Article

The FAME Trials: Impact on Clinical Decision Making

Abstract

Careful and stepwise evaluation of the fractional flow reserve (FFR) index has been performed over the years, culminating in the landmark Fractional Flow Reserve Versus Angiography for Multivessel Evaluation (FAME) and Fractional Flow Reserve-Guided Percutaneous Coronary Intervention Plus Optimal Medical Treatment Versus Optimal Medical Treatment Alone in Patients with Stable Coronary Artery Disease (FAME II) trials. Findings from these studies demonstrated unequivocally the overall inadequacy of angiography versus FFR to correctly assess stenosis severity. Thus, proof of concept and clinical applicability was established beyond debate and will be discussed here.
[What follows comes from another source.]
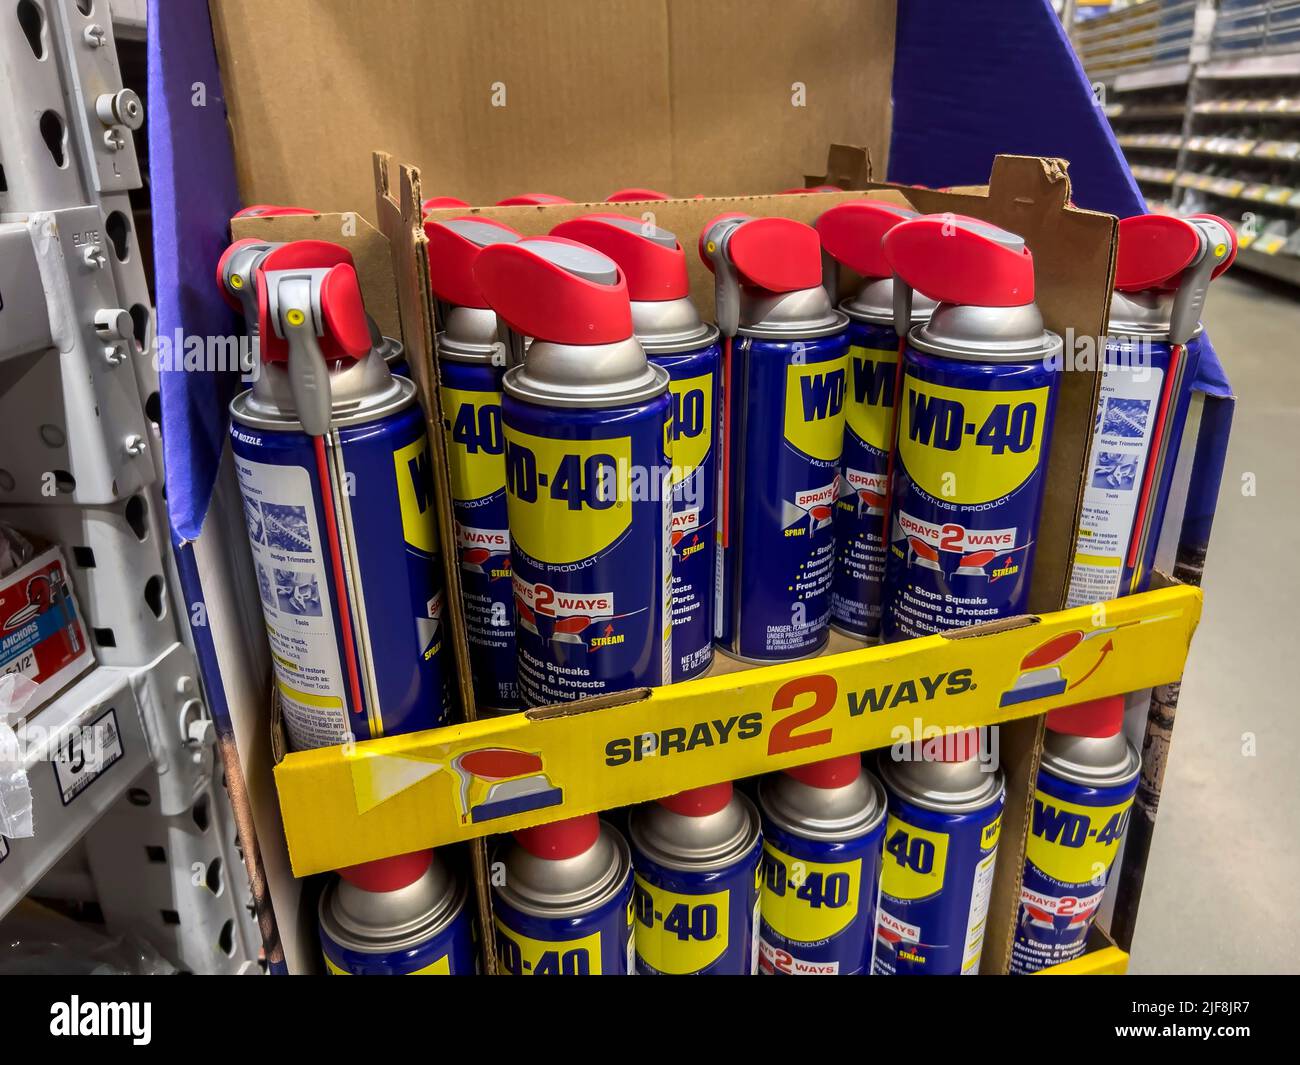 Seattle, WA USA - circa June 2022: Close up view of WD-40 products for sale inside a Lowe's home improvement store. Stock Photo

Disclosure: The authors have no disclosures to make that are relevant to the present article.

Received:

Accepted:

Citation:Interventional Cardiology Review, 2016;11(2):116–9

Correspondence: Guy R Heyndrickx, Cardiovascular Center Aalst, OLV-Clinic, Moorselbaan, 164, B-9300 Aalst, Belgium. E: guy.heyndrickx@skynet.be

Open access:

The copyright in this work belongs to Radcliffe Medical Media. Only articles clearly marked with the CC BY-NC logo are published with the Creative Commons by Attribution Licence. The CC BY-NC option was not available for Radcliffe journals before 1 January 2019. Articles marked ‘Open Access’ but not marked ‘CC BY-NC’ are made freely accessible at the time of publication but are subject to standard copyright law regarding reproduction and distribution. Permission is required for reuse of this content.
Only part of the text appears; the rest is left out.